Il résulte de l’instruction que M. B... a demandé la délivrance d’un titre de séjour le 26 juin 2025. Cependant, en l’absence de réponse à sa demande dans un délai de quatre mois, et conformément aux dispositions combinées des articles R. 431-12, R. 432-1 et R. 432-2 du code de l’entrée et du séjour des étrangers et du droit d’asile, et à défaut de décision explicite, la demande de titre de séjour de M. B... doit être regardée comme ayant été implicitement rejetée par le préfet le 26 octobre 2025, alors même qu’une nouvelle attestation de prolongation d’instruction lui aurait été octroyée en cours d’instance par le préfet du Val-de-Marne.
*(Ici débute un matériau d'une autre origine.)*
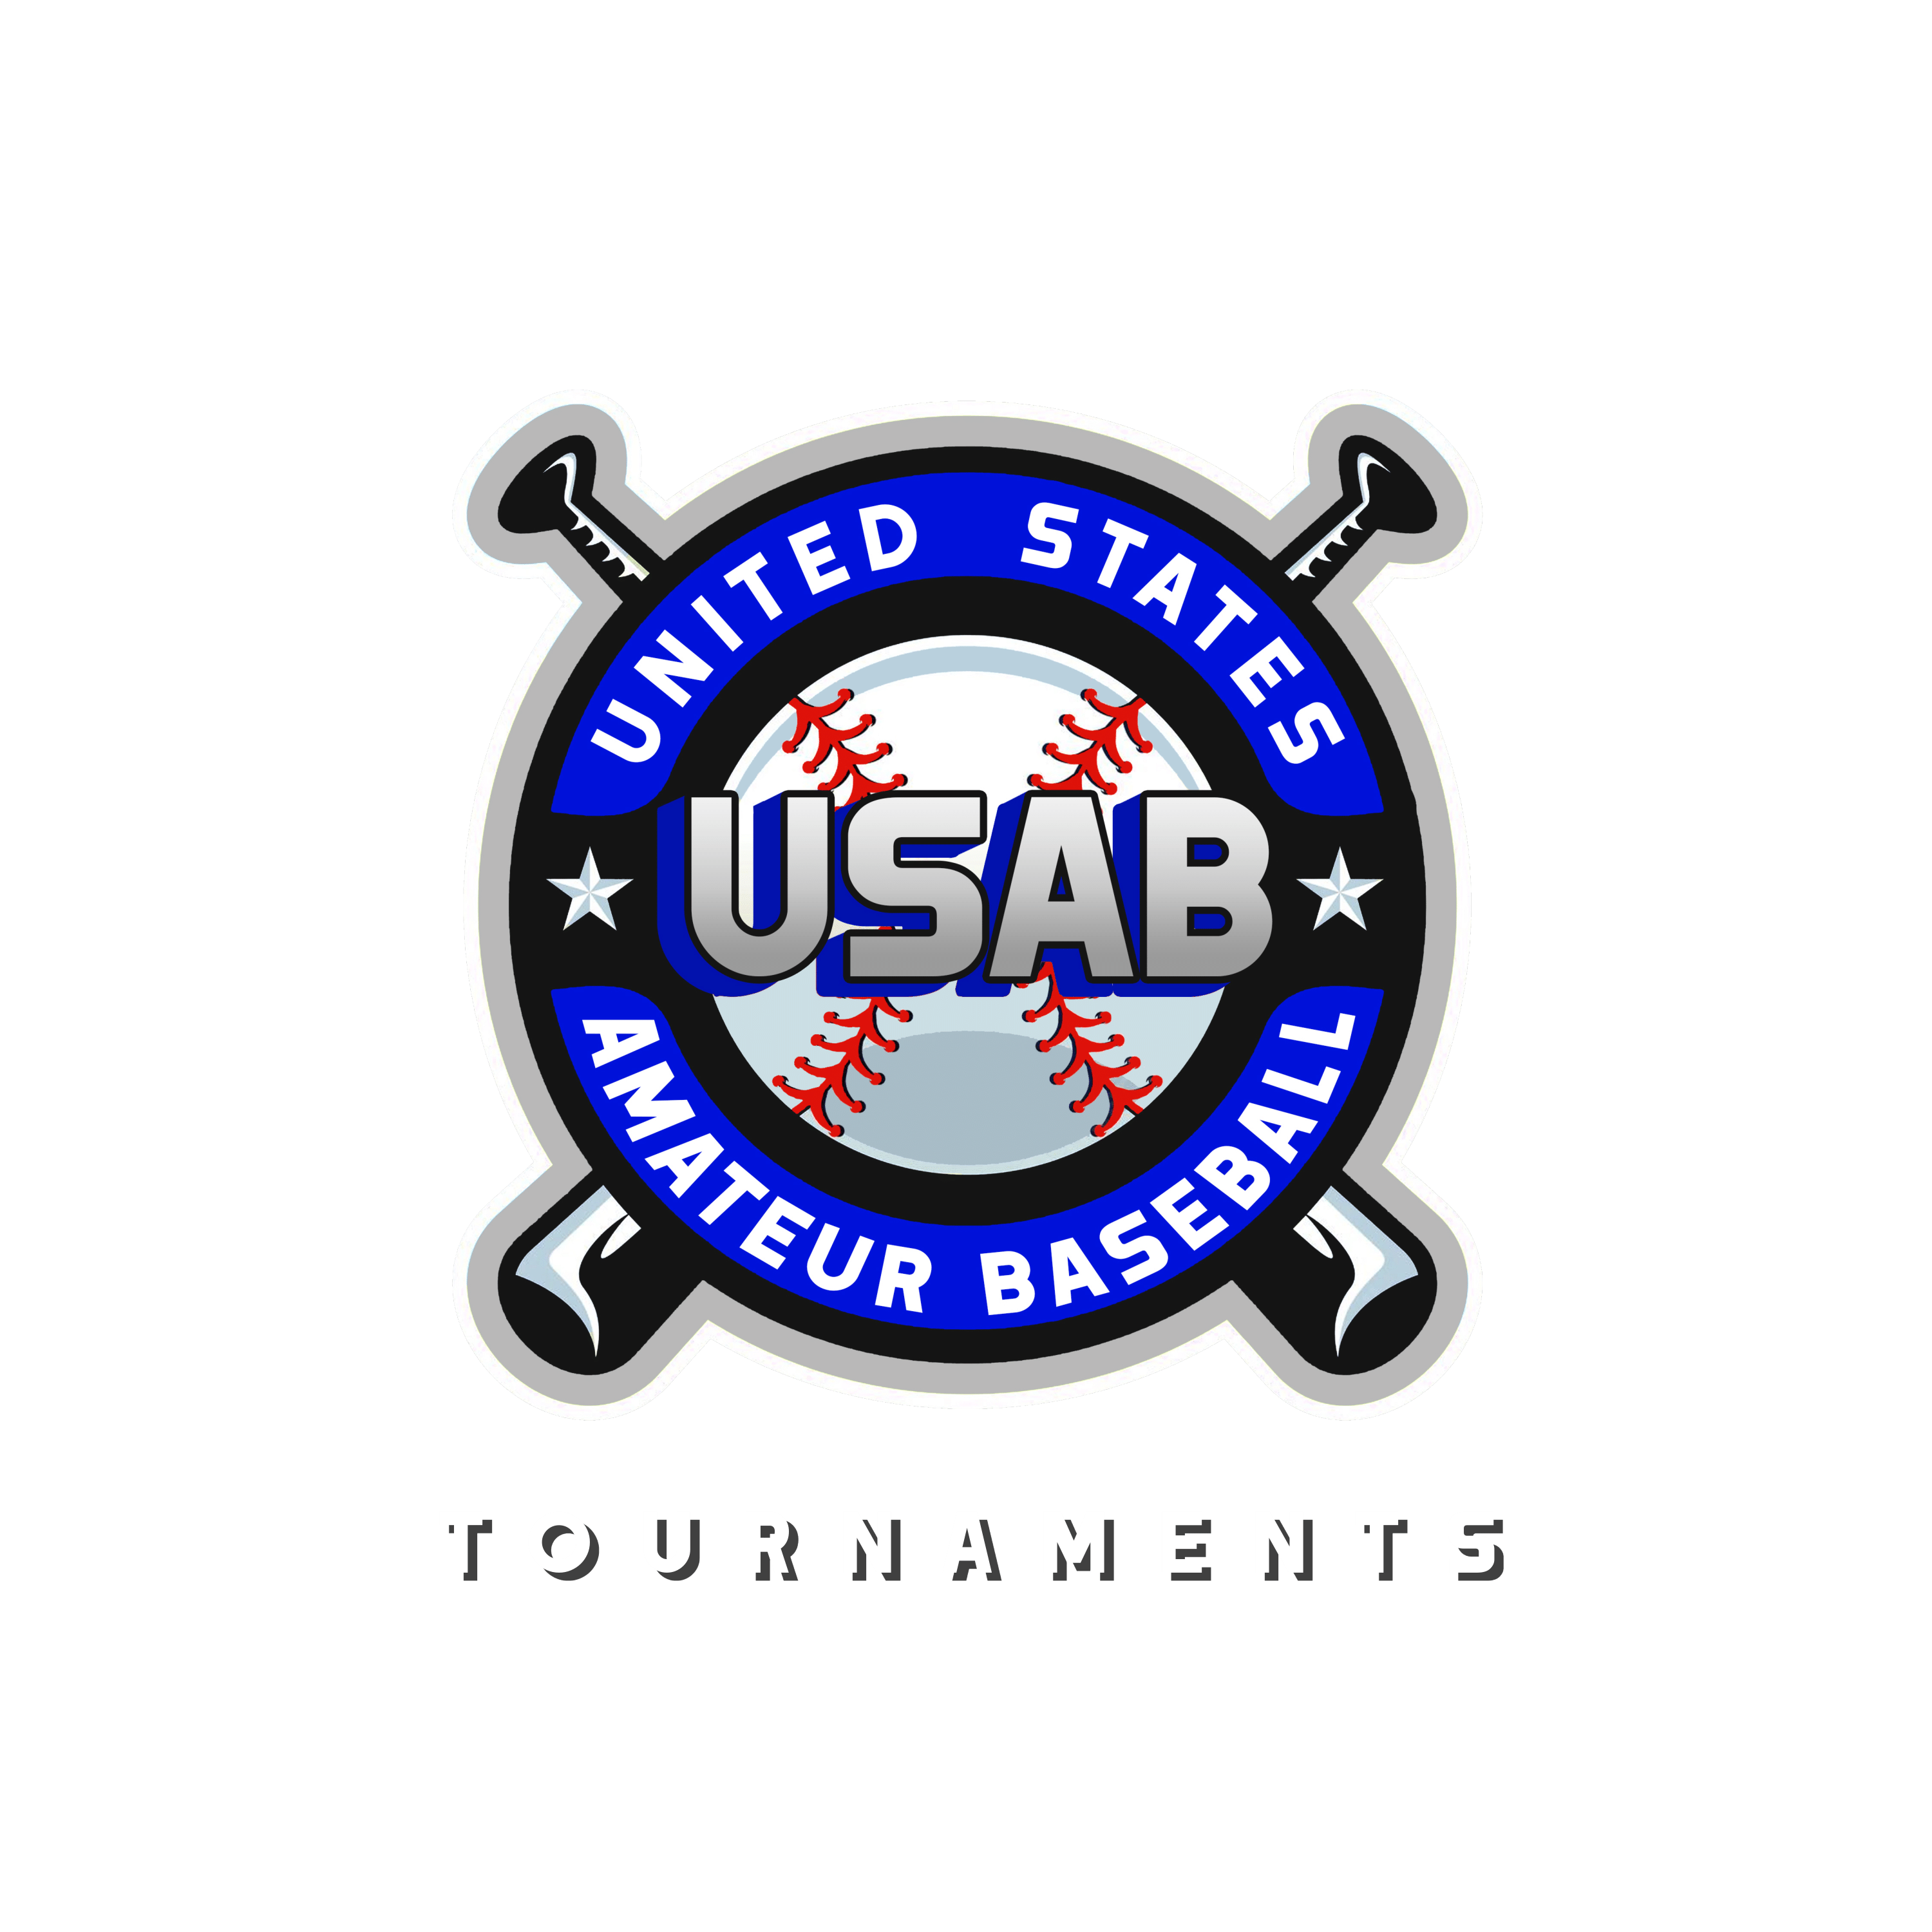 USAB Wood Bat REC BALL ONLY Tourney Logo

Dans ces conditions, la mesure sollicitée par M. B... est de nature à faire obstacle à l’exécution de la décision de rejet née du silence gardé par le préfet sur sa demande de titre de séjour. Par suite, la condition posée à l’article L. 521-3 du code de justice administrative, tenant à ce que la mesure demandée ne fasse pas obstacle à l’exécution d’une décision administrative, n’est manifestement pas remplie. Par suite, les conclusions présentées pour M. B... doivent être rejetées.
O R D O N N E :
Article 1er :
La requête de M. B... est rejetée.
Article 2 :
La présente ordonnance sera notifiée M. A... B... et au ministre d’Etat, ministre de l’intérieur.
Copie en sera communiquée au préfet du Val-de-Marne.
Fait à Melun, le 9 décembre 2025.
Le juge des référés,
Signé : D. Vérisson
La République mande et ordonne au ministre de l’intérieur en ce qui le concerne ou à tous commissaires de justice à ce requis en ce qui concerne les voies de droit commun contre les parties privées de pourvoir à l’exécution de la présente décision.